Strategy and Climate Change
Why America needs new strategic leadership on climate.
Not that long ago, David Roberts (one of my favorite writers on energy and climate change) tweeted “Large environmental NGOs developed their habits & tactics at a time when all enviro policy was bipartisan. Not suited to present world.”
I fired off a few tweets in response:
“Realism” re:planet w/in US political debate is an insane departure from the factual problems we face+ reality of solution spaces.

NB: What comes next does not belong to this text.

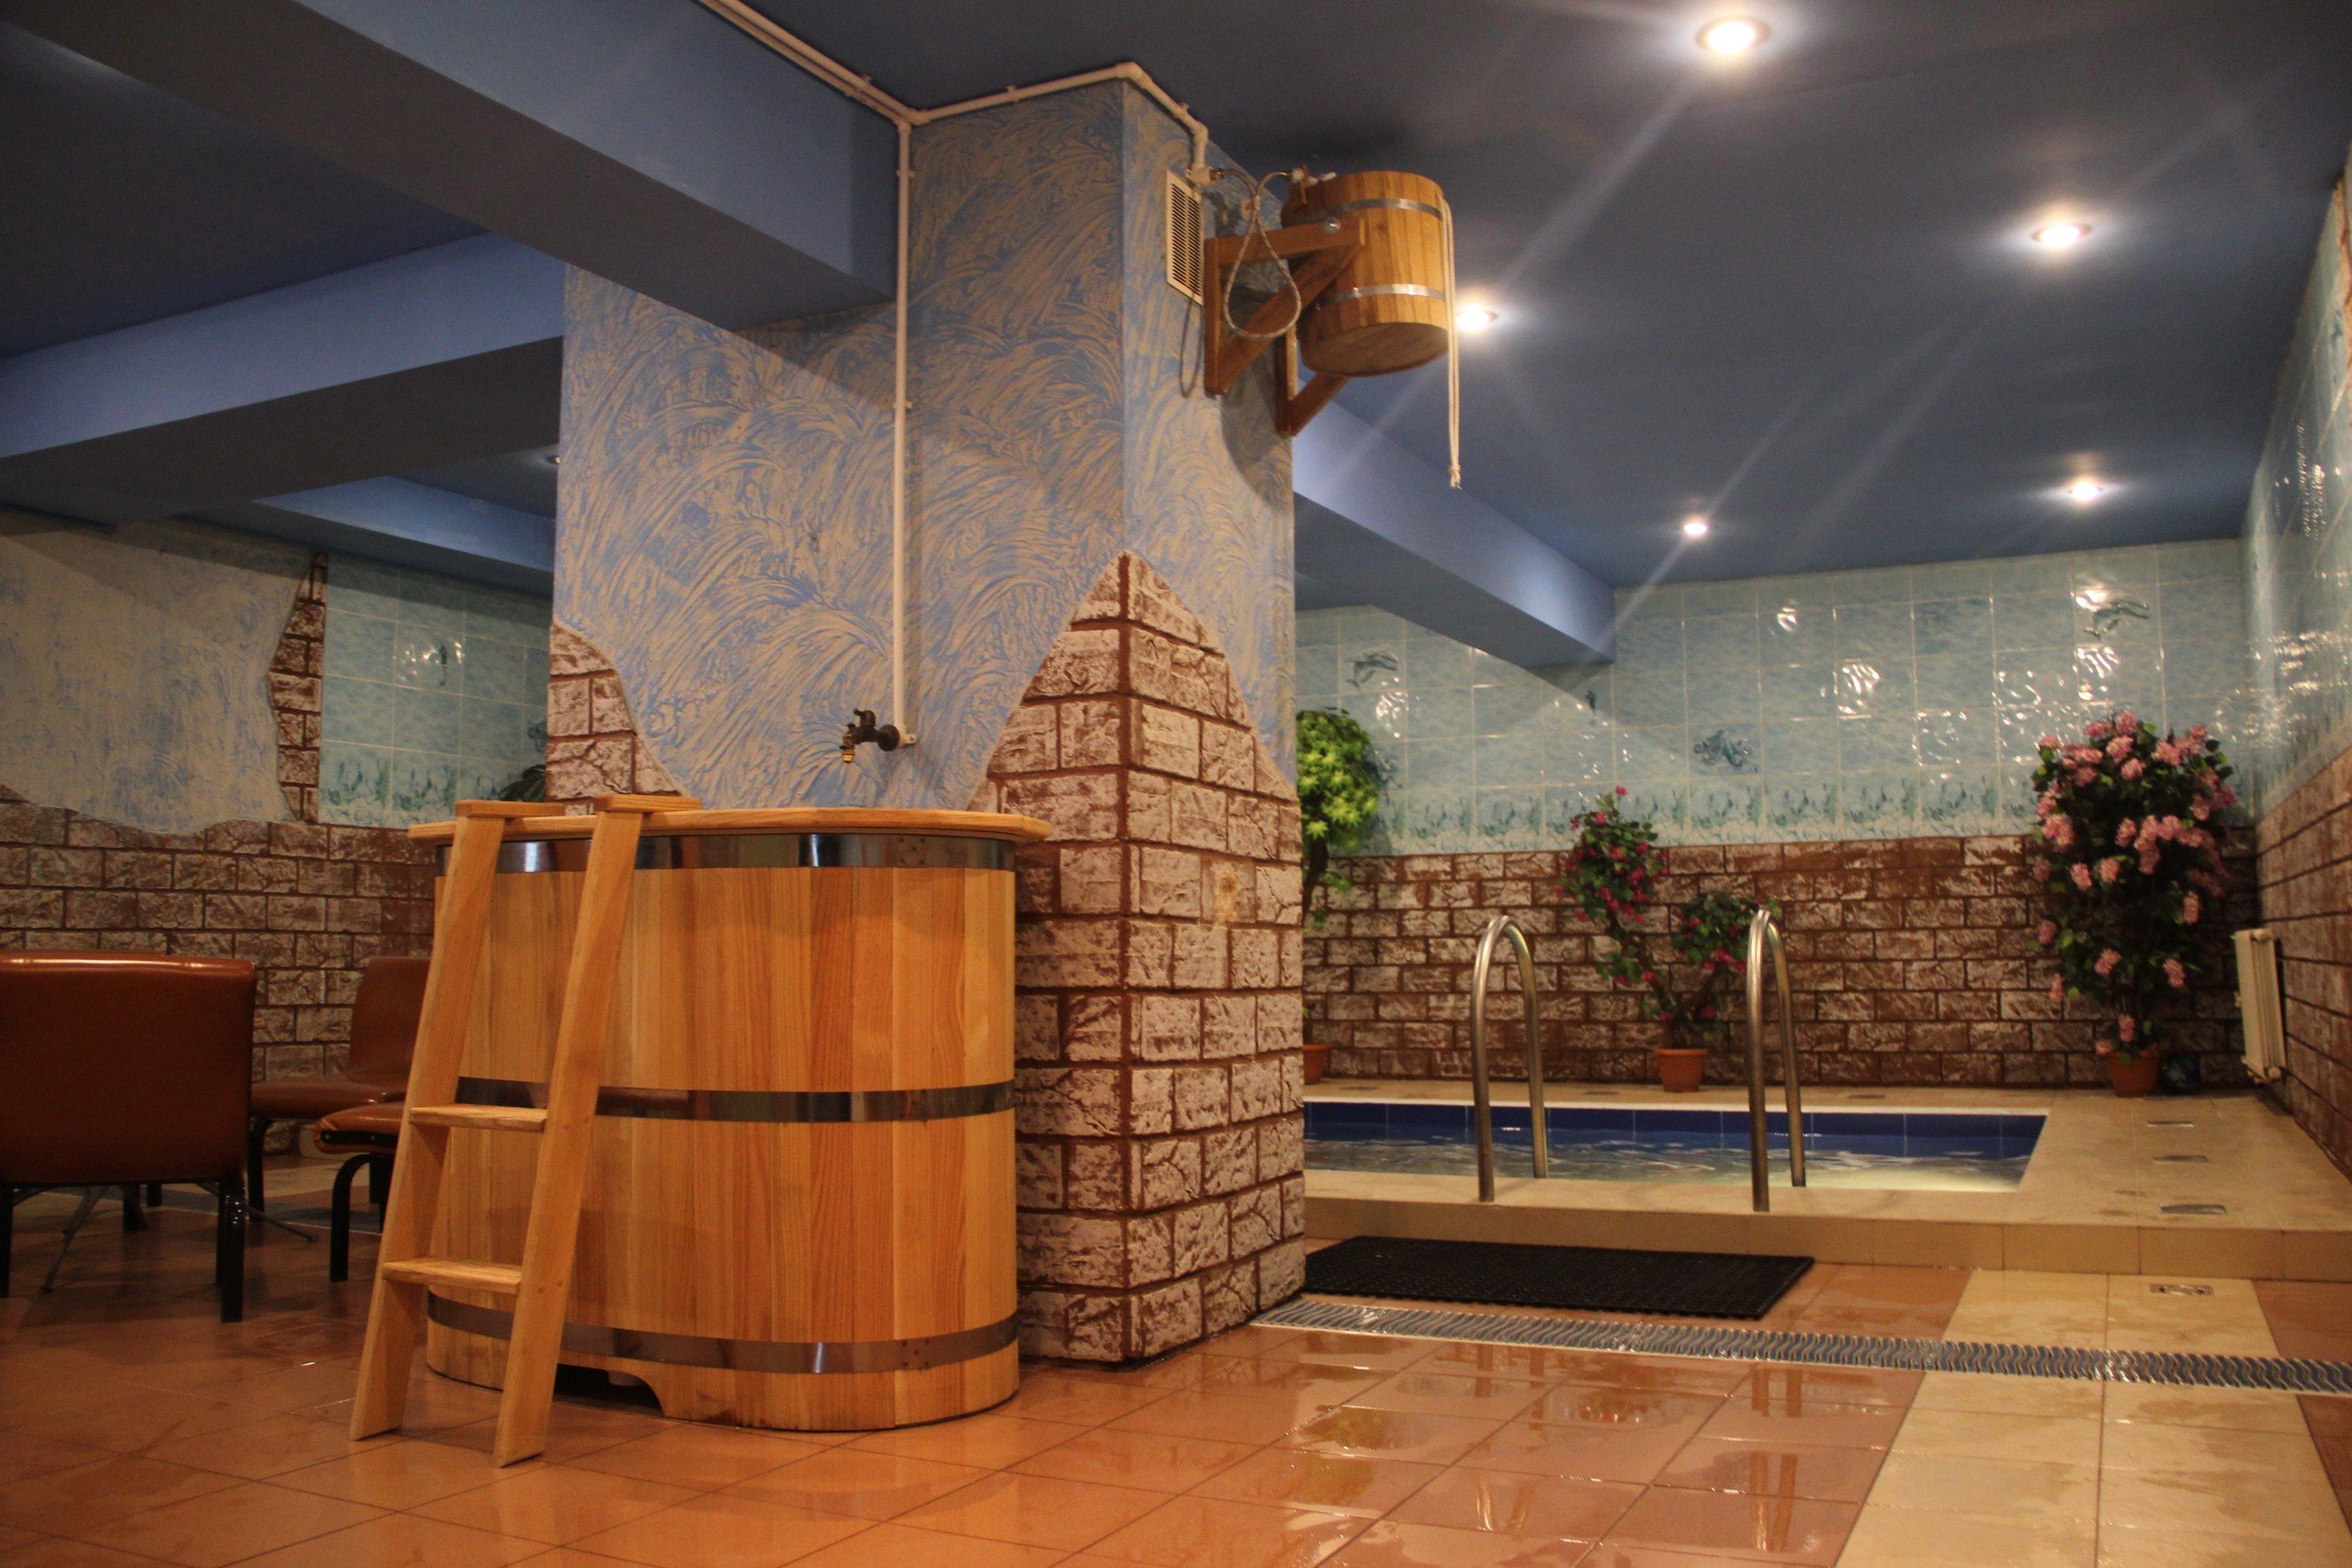 The best baths and saunas of St. Petersburg in 2020
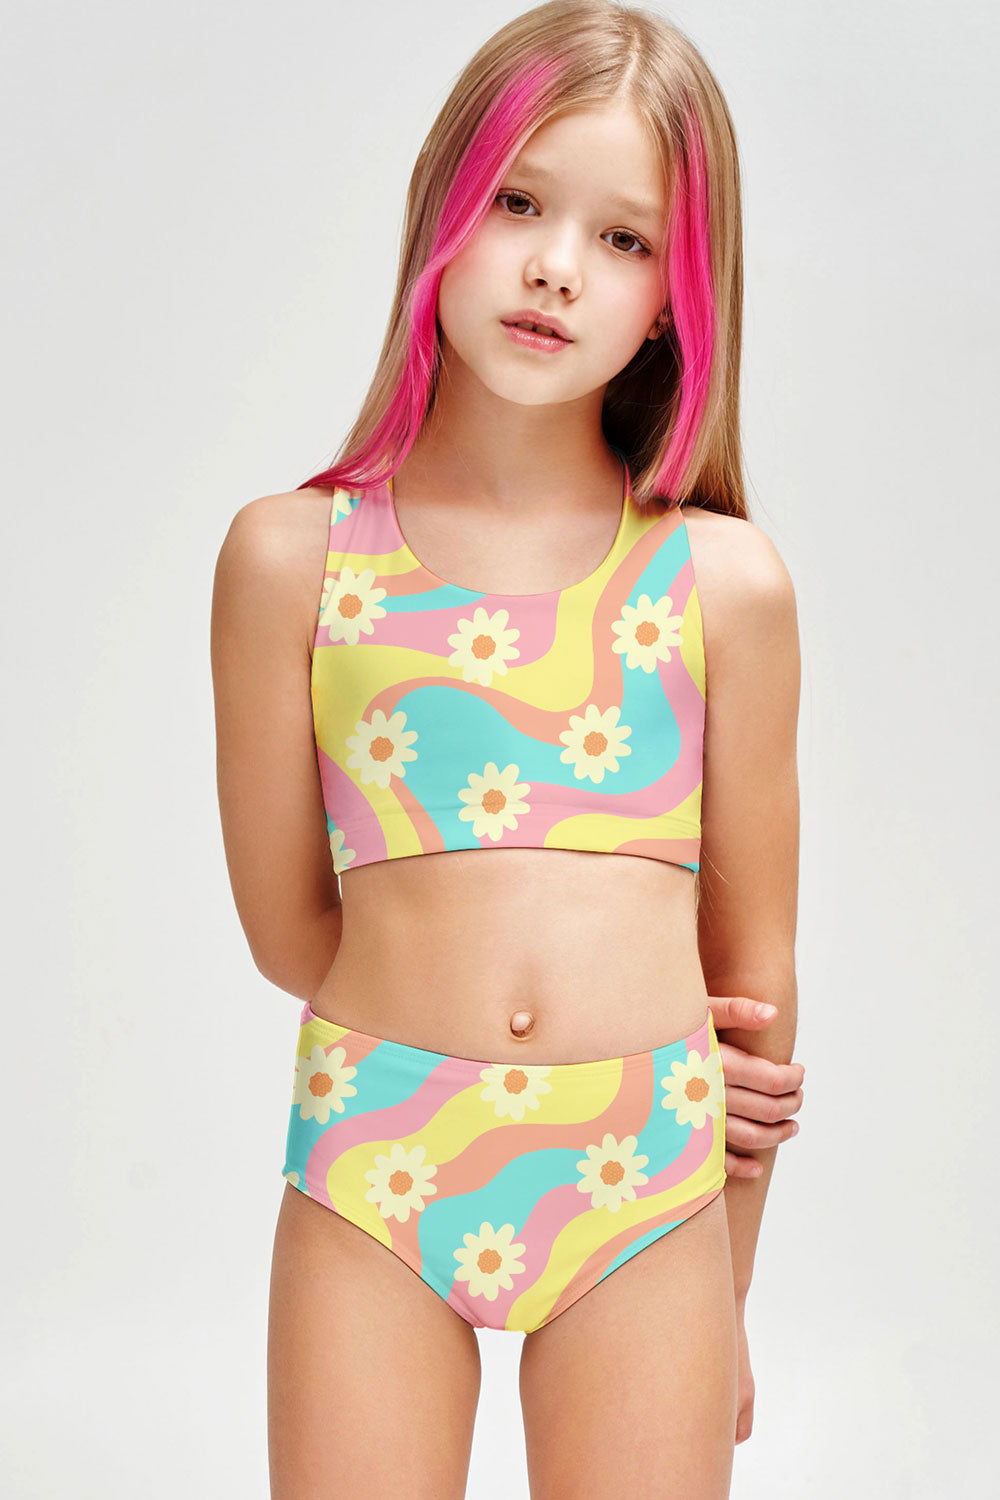 Festival Girl Claire Yellow Two-Piece Swimsuit Sporty Set - Girls - Pineapple Clothing

Every outcome that’s “realistic” by Beltway standards= catastrophic in real-world terms. Every possible “win” in that frame is a loss.
To fight a battle you cannot win, on the enemy’s terms, is pretty much the definition of bad strategy. Time to read some Sun Tzu.
What I was trying to get at is what seems to me an inherent tension in our current politics.
On the one hand, we have a reality of planetary problems that are all-encompassing and non-negotiable. There is no part of our lives that will remain un-impacted by the planetary crisis we face (or that can remain unchanged in the face such challenges), and the timelines we face for dealing with the parts of that crisis are determined not by political choice, but by physics, biology and large, slow forces like demographics. If we do not act quickly and boldly enough, we lose, period. No points for trying…
On the other hand, we here in the U.S. have a political system drenched in a carbon-lobby-funded denialism and a conventional wisdom about our national priorities that has remained essentially unchanged for 30 years. Inside the Beltway, “realism” is defined by the limits of ideology and conventional wisdom about the politically possible. Corruption is all but open. Facts are not really part of the debate, much less paradigm-tearing realities.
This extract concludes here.